The magnitude of challenges associated with management of invasive fungal infections means that identification of novel antifungal agents and approaches to improve effectiveness and safety of currently available agents has become imperative.
Description of the condition
Conventional amphotericin B (sodium deoxycholate) is a broad‐spectrum antifungal that has been used as standard therapy for treatment of many invasive fungal infections since its introduction to clinical practice in the 1950s (Bassetti 2011). Conventional amphotericin B has also been used to treat non‐fungal infections including visceral leishmaniasis and Naegleria fowleri primary amoebic meningoencephalitis.

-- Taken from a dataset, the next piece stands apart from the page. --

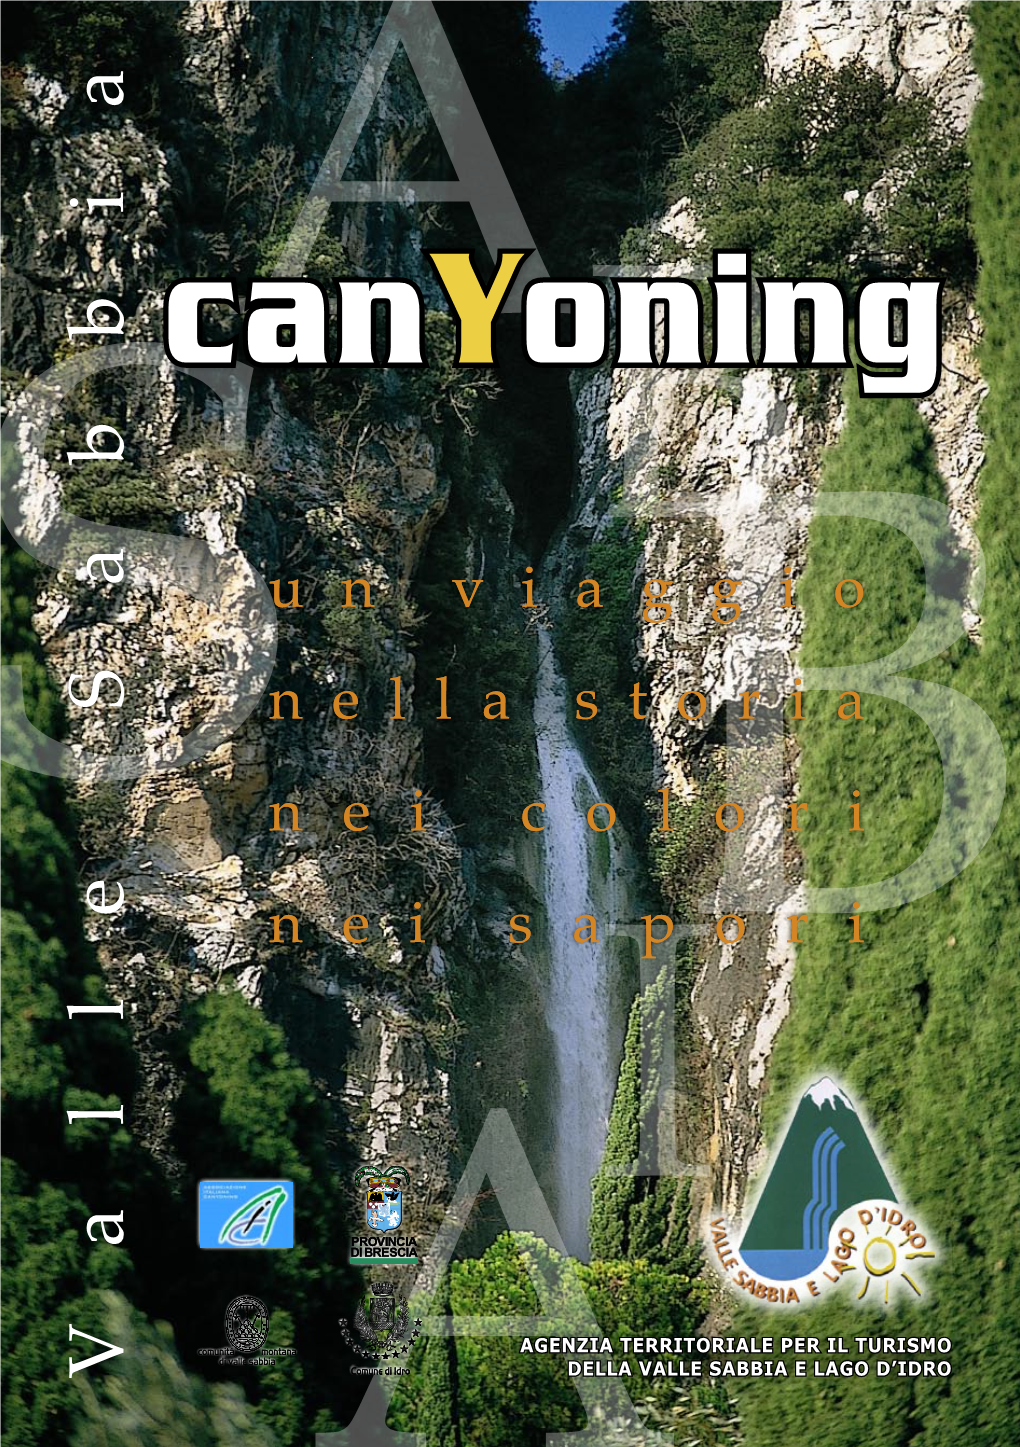 Canyoning (AIC), Che Promuove La Diffusione Del Torrentismo, Un’Attività Sportiva ﬁnalizzata Alla Percorrenza in Sicurezza Dei Canyon

Although other classes of antifungal drugs, such as azoles and echinocandins, have been developed in recent years, amphotericin B sodium deoxycholate continues to be widely used as the primary agent for treatment of people with serious invasive fungal infections (Laniado‐Laborín 2009; Ostrosky‐Zeichner 2003). A significant limitation of amphotericin B sodium deoxycholate is its safety profile; it is associated with adverse effects, including acute kidney injury (AKI) (Horwitz 2012; Mistro 2012) mediated by vasoconstriction and direct tubular toxicity. The reported incidence of nephrotoxicity varies widely; however, significant decrease in kidney function has been reported in over 80% of patients and is associated with higher mortality rates, length of hospital stay and costs (Bates 2001).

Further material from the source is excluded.